Я распустил «молнию» и извлек из скользкого нутра три прозрачных целлофановых пакета, сквозь которые хорошо просматривалось содержимое: свернутые в трубку иностранные банкноты, золотые монеты, тусклое приисковое золото — песок и самородки.
— Тысяч на сорок?
— Пожалуй, — кивнул Крылов и зевнул. — Вот мой рапорт, вот протокол изъятия, вот объяснение Золотова.
Рядом с золотом и валютой легли исписанные неровным почерком листы грубой, почти как оберточная, бумаги.
— А я пошел спать.
— Как он все объясняет? — спросил я, не прикасаясь к материалам.
— Как обычно: беззаконие, провокация, подкинули.
Крылов слегка улыбнулся.
— Поначалу трепыхался, сила в нем есть, хотя с виду не скажешь. Потом скандалил, телефон требовал, грозился всех с работы поснимать. Скукотища.
Он снова зевнул.
— Ну, я пошел.
— А кто будет со мной работать?
Александр задумался.
— Волошин после суток. Полугаров сидел со мной в засаде, от Трифонова толку мало, Гусаров на учебе…
Он махнул рукой.
— А что делать? До обеда я продержусь…
Я объяснил.
— За два часа справишься.
Крылов вздохнул.
— Считай — уговорил. Деваться-то некуда.
Вернувшись к себе, я оформил постановление о производстве обыска, зашел к прокурору, доложил обстановку.
— Вот видите, что получается, — нравоучительно проговорил шеф. — Простое на первый взгляд дело оказалось разветвленным и запутанным. — Он размашисто расписался, подышал на плоскую печать со складной ручкой-петелькой. — Потому они и хотели вас скомпрометировать, вывести из игры. Так?
— Так, — я кивнул.
— Значит, надо быть осмотрительным, проявлять бдительность, избегать двусмысленных ситуаций. — Белов оттиснул печать на своей подписи, протянул постановление. — Делайте выводы, Юрий Владимирович!
И когда я уже шел к двери, сказал:
— Будьте внимательны, у валютчиков бывают довольно хитроумные тайники!
Этому меня учили еще на третьем курсе университета, но шеф искренне верил, что дал чрезвычайно ценный совет.
На обыск я взял практикантов. Золотовы жили в центре — десять минут ходьбы от прокуратуры. Крылов скрупулезно выполнял задание — когда мы подошли к добротному пятиэтажному зданию, нас уже ждал участковый — молодой младший лейтенант в неловко сидящей форме.
На третьем этаже я позвонил в пятьдесят вторую квартиру.

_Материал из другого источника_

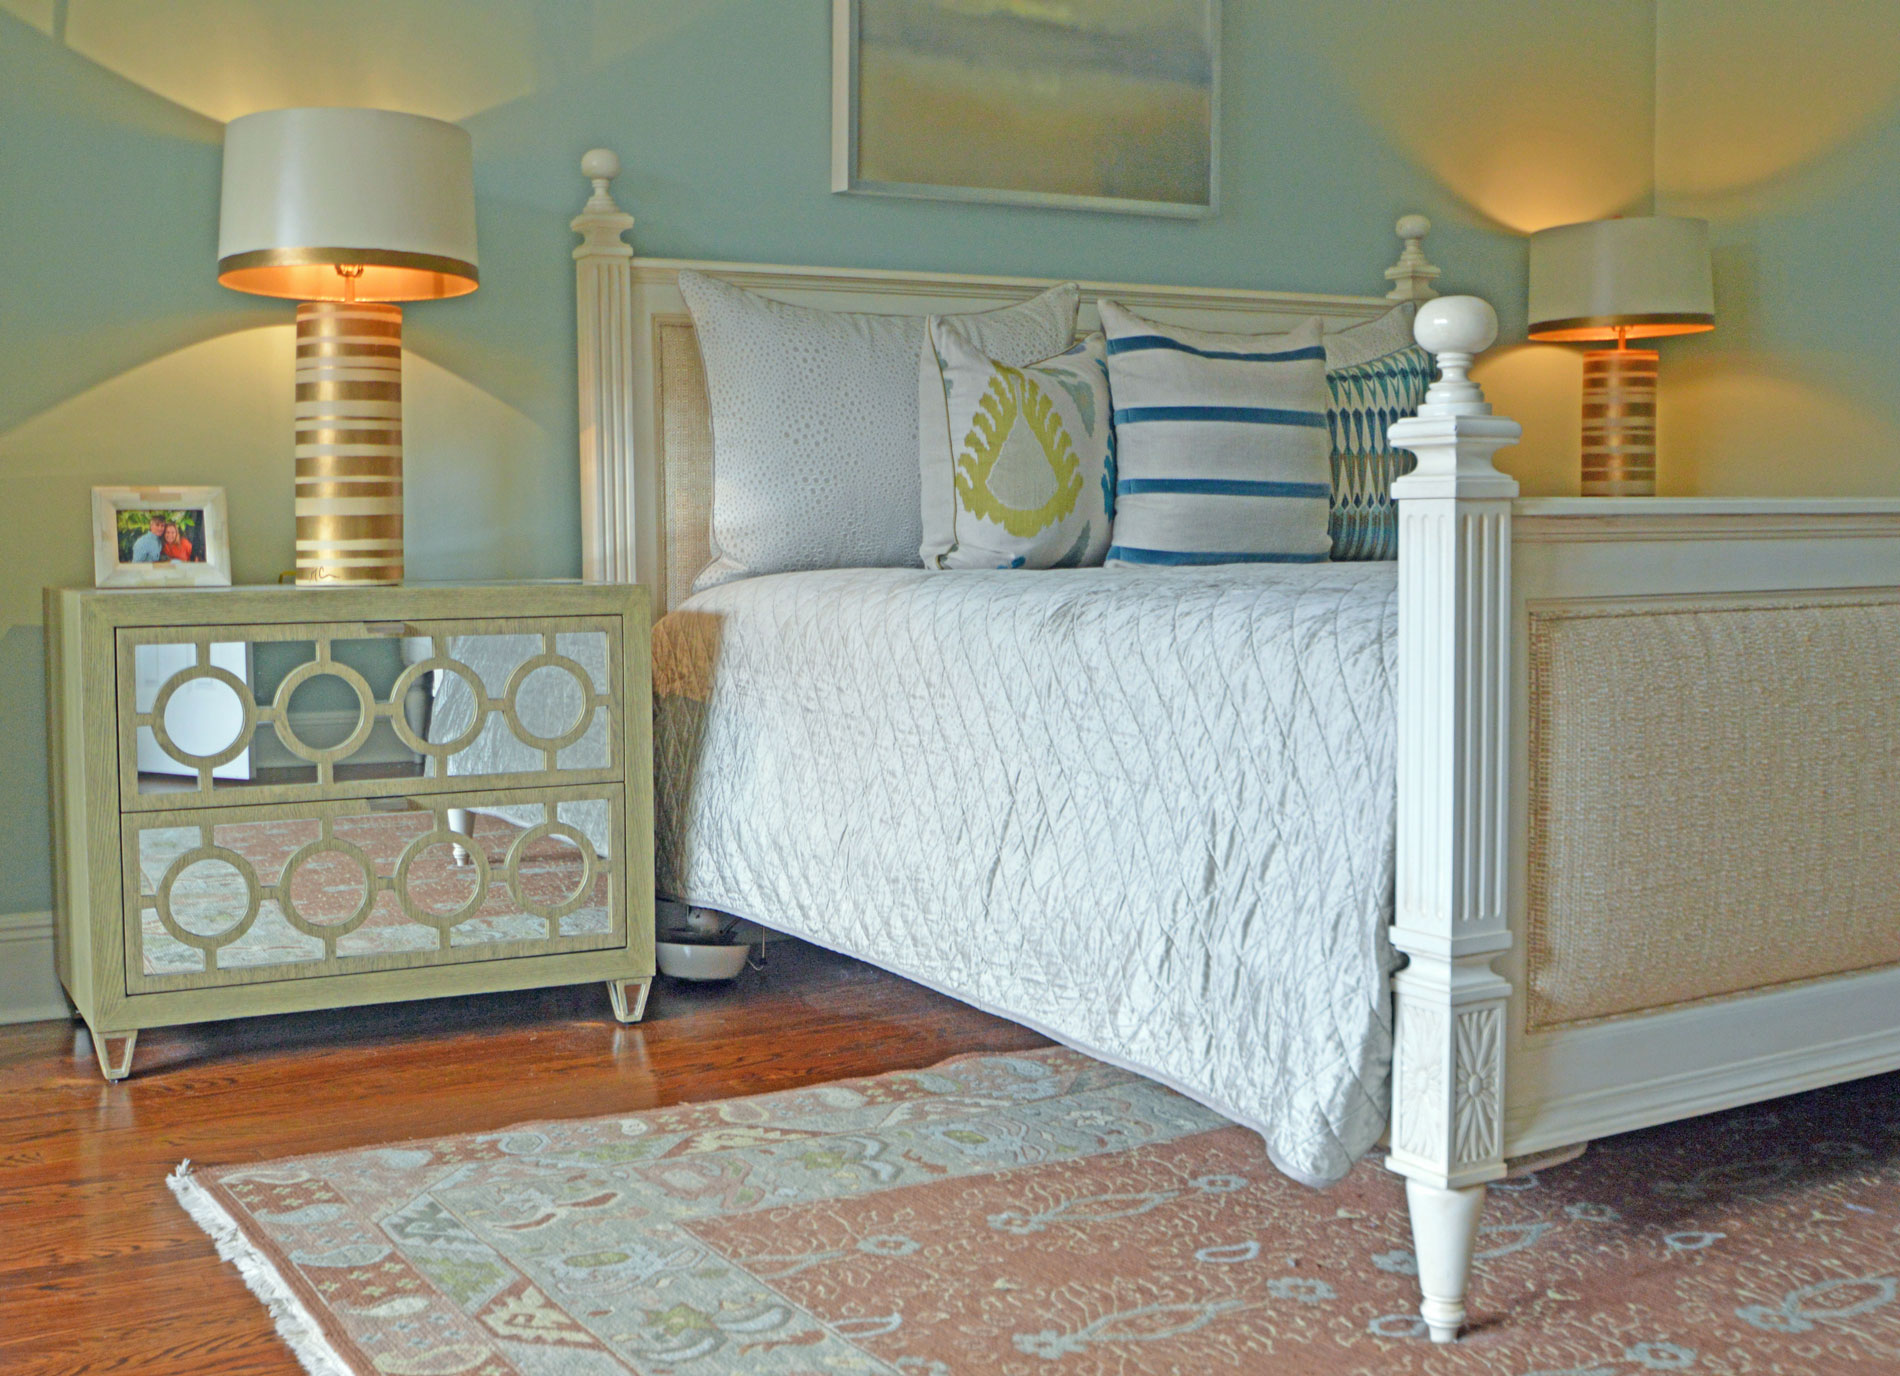 fawley-david2-dixon-smith-interiors-baton-rouge-interior-design-custom-furniture-web-0013
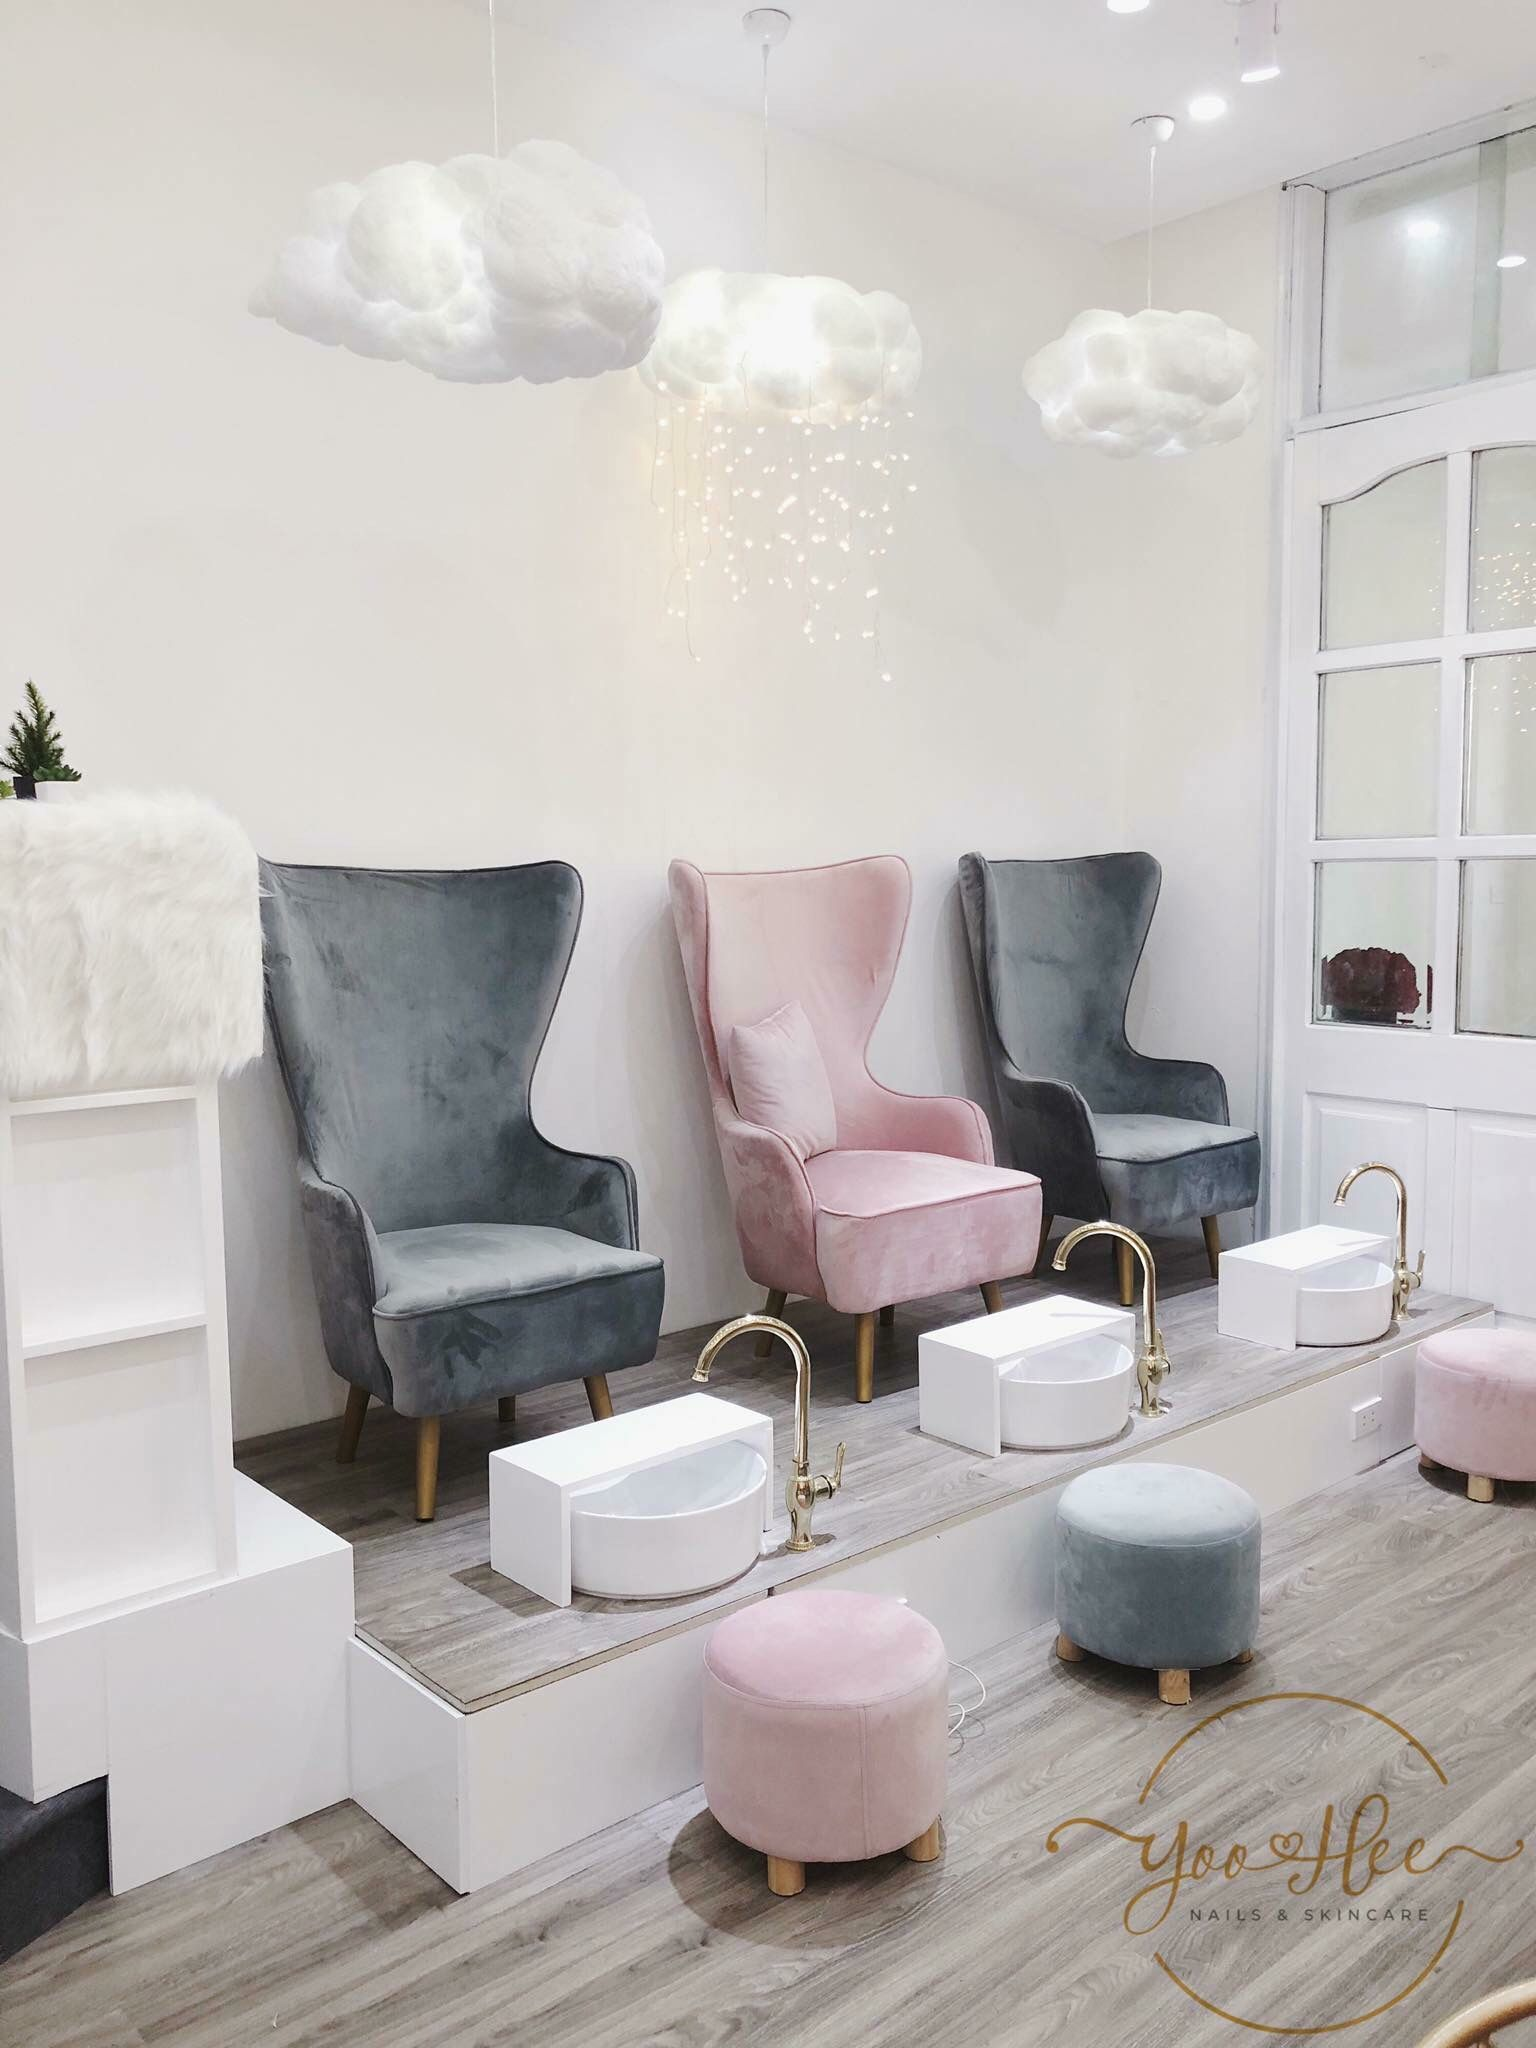 salon interior design software #makeup salon interior design #spa

Открыл Золотов-старший. Узнав о цели нашего прихода, он страшно возмутился и бушевал минут десять, крича, что нет закона, по которому можно измываться над людьми, если у них в доме произошел несчастный случай. Он угрожал самыми ужасными карами, называл фамилии ответственных должностных лиц, предрекал мне скорое увольнение с работы и привлечение к ответственности за злоупотребление властью.
Слушая гневный монолог, я подумал, что звонить от имени Чугунцова вполне мог сам глава семейства, все необходимые для этого качества у него имеются.
— Жаловаться вы имеете право, куда сочтете нужным, — прервал я его, улучив момент. — Я несу полную ответственность за свои действия. Так же, как и вы за свои. А теперь ознакомьтесь с постановлением и распишитесь.
Мать Золотова — серая, невзрачная женщина — испуганно наблюдала за происходящим, но в разговор не вмешивалась: в семье она не имела права голоса.
Валерий Федорович занимал отдельную комнату. На ковре над кроватью висела фехтовальная маска, под ней, наперекрест — рапира и шпага. Много фотографий хозяина, в основном портреты, глаза картинно прищурены, обязательно присутствует сигарета. Несколько безвкусных ваз отражали представление Золотова о прекрасном.